● TASK PROMPT: Below this line are records; write out exactly the lines from the one containing "Производственный календарь для" through the one containing "Petite fille intelligente", with the pictures left out.

● DATA EXTRACTS:

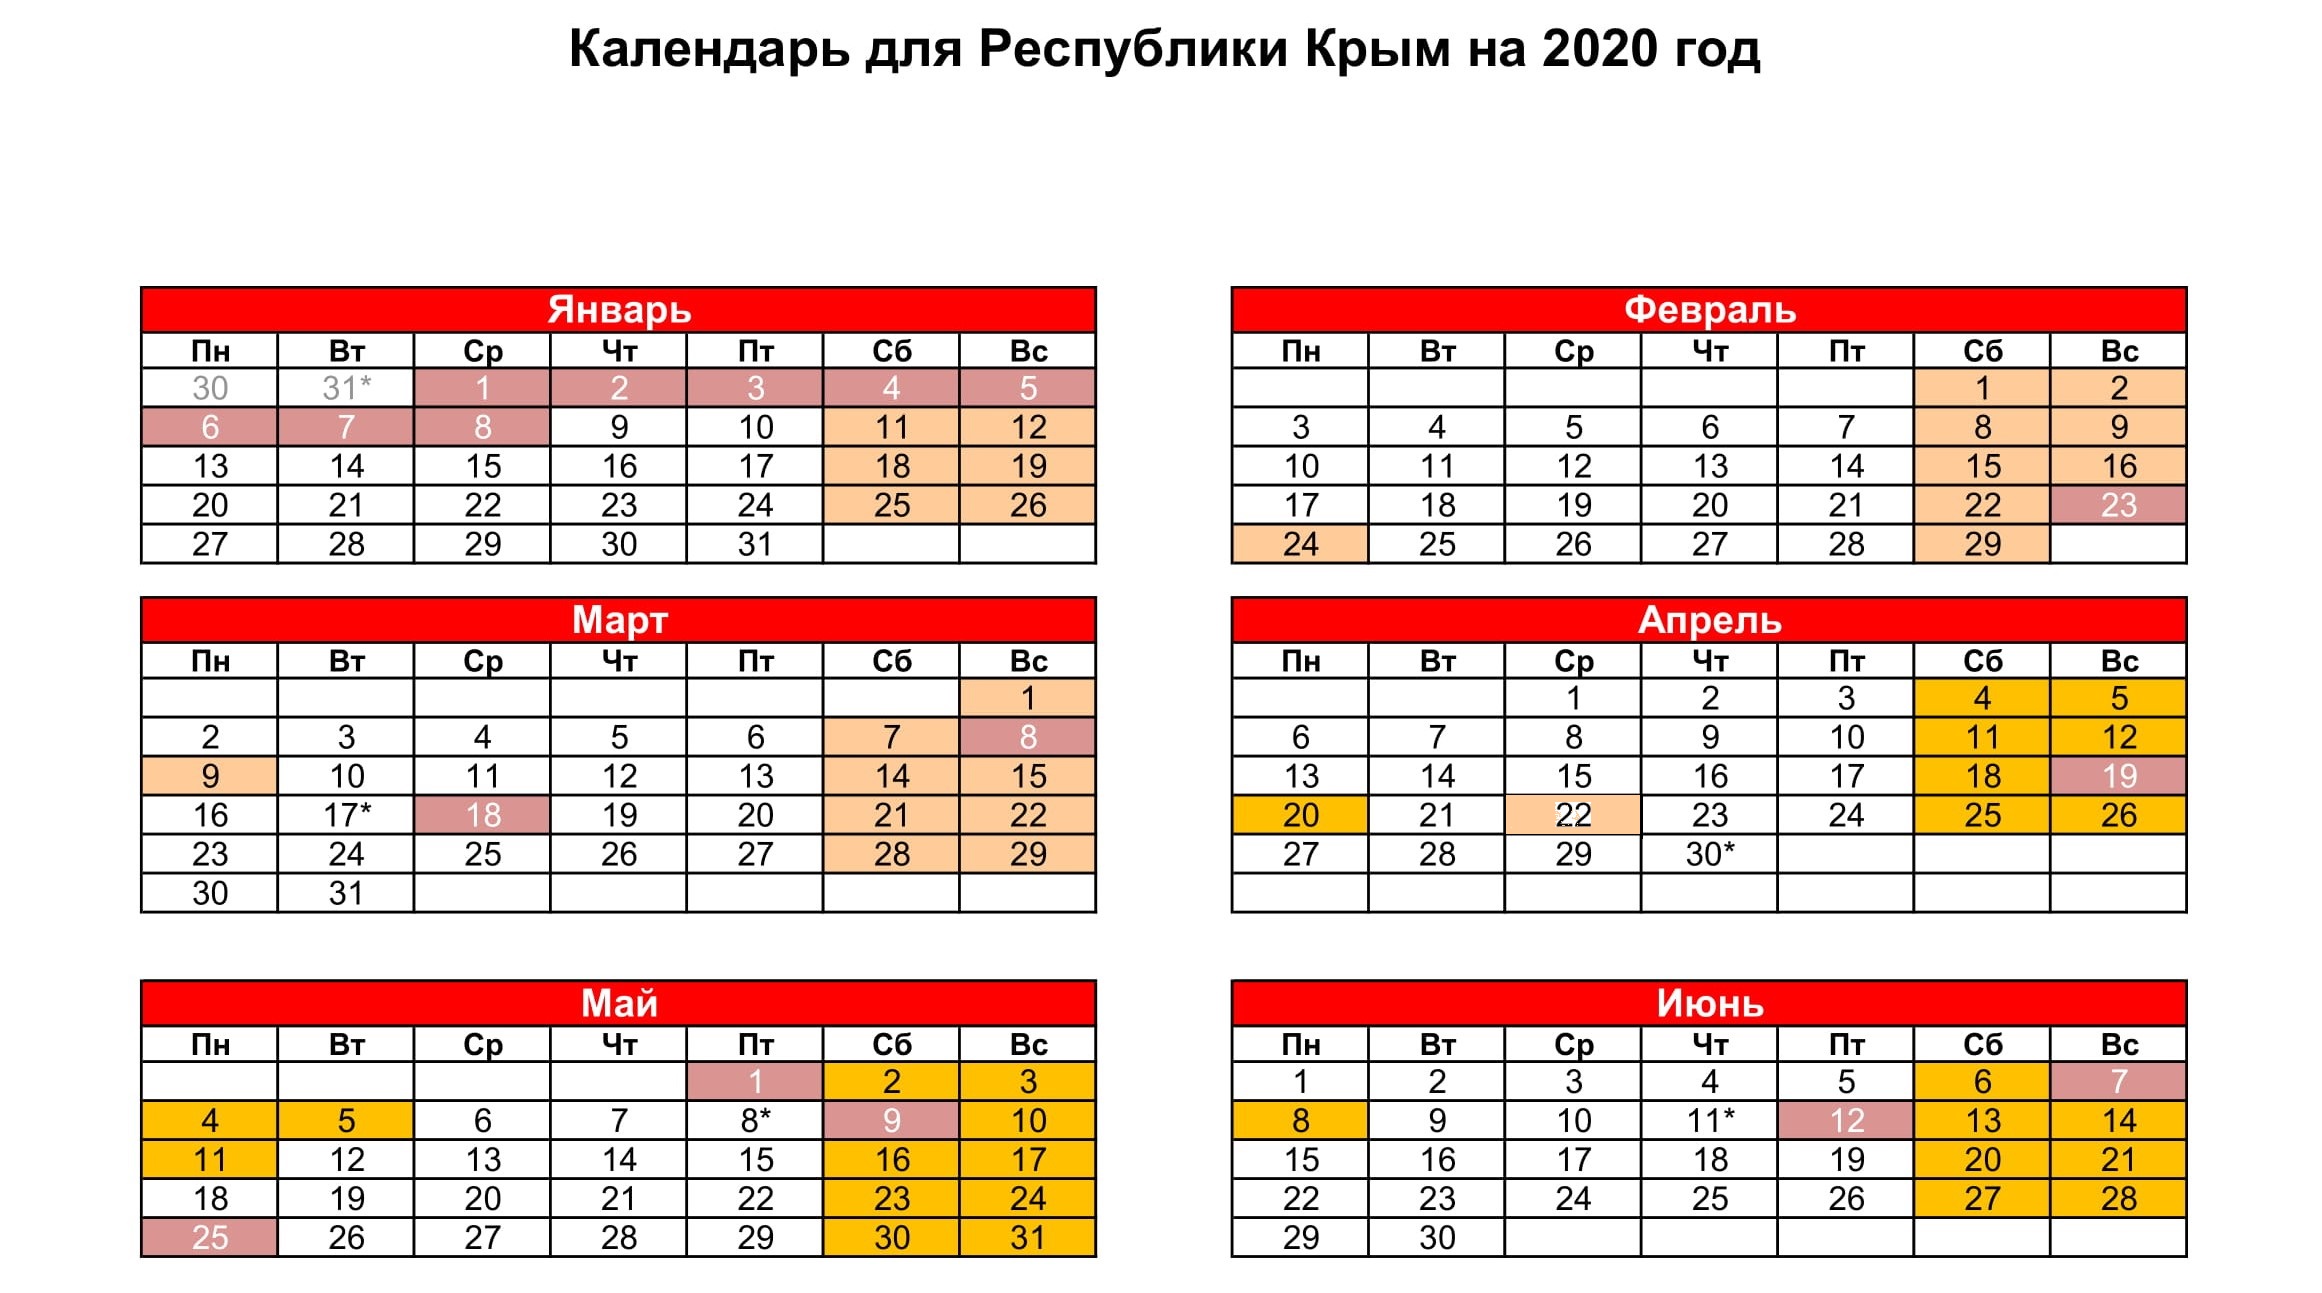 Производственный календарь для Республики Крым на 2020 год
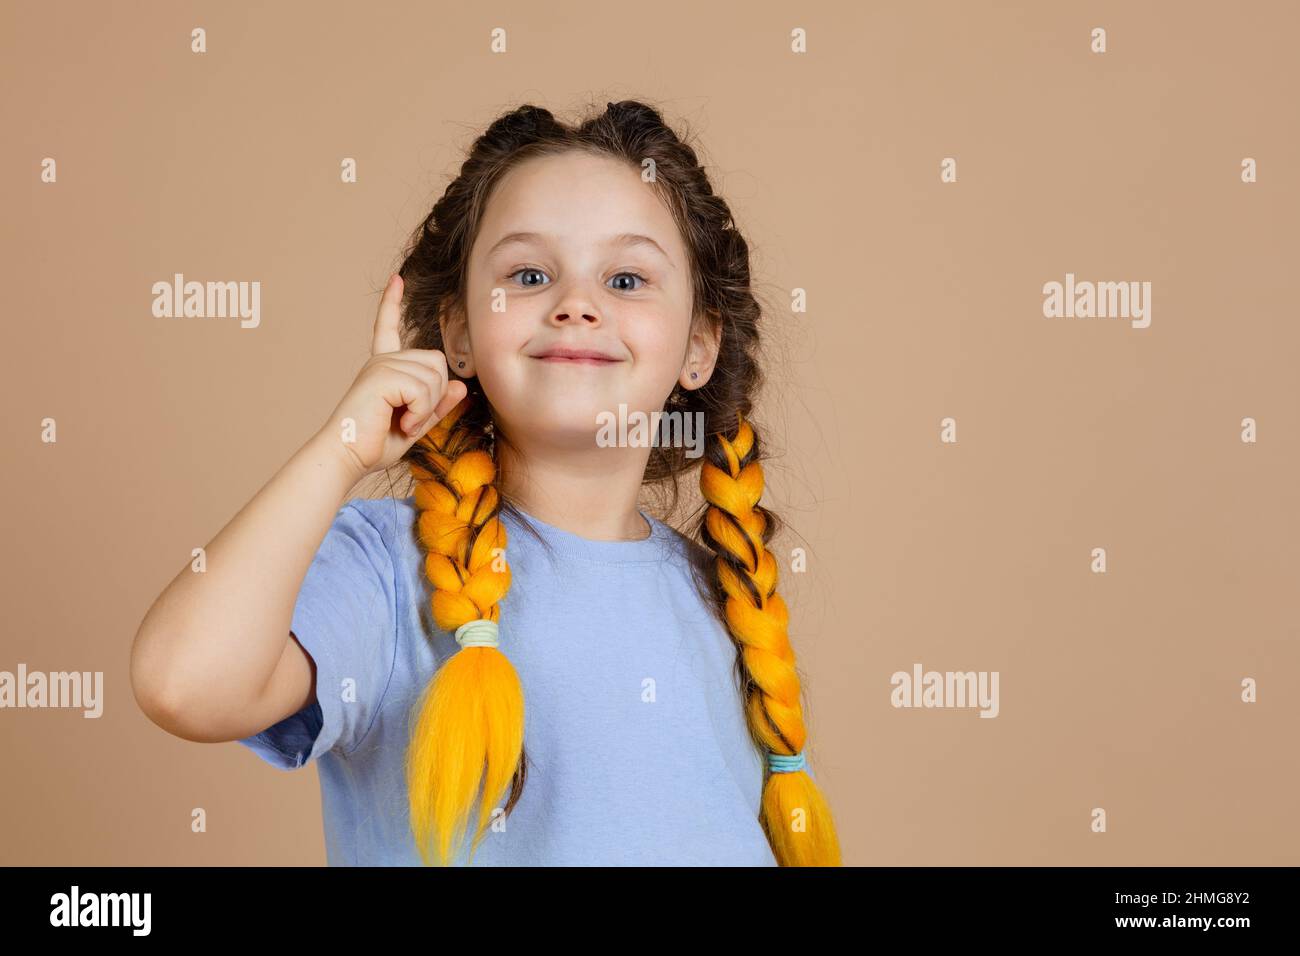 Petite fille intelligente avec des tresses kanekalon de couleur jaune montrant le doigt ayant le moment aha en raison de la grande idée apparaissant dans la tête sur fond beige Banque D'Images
* * *
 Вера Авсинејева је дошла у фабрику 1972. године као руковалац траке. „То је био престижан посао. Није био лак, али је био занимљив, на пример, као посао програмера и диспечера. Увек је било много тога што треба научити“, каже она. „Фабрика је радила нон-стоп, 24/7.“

● RESPONSE AREA:
 Производственный календарь для Республики Крым на 2020 год
 Petite fille intelligente avec des tresses kanekalon de couleur jaune montrant le doigt ayant le moment aha en raison de la grande idée apparaissant dans la tête sur fond beige Banque D'Images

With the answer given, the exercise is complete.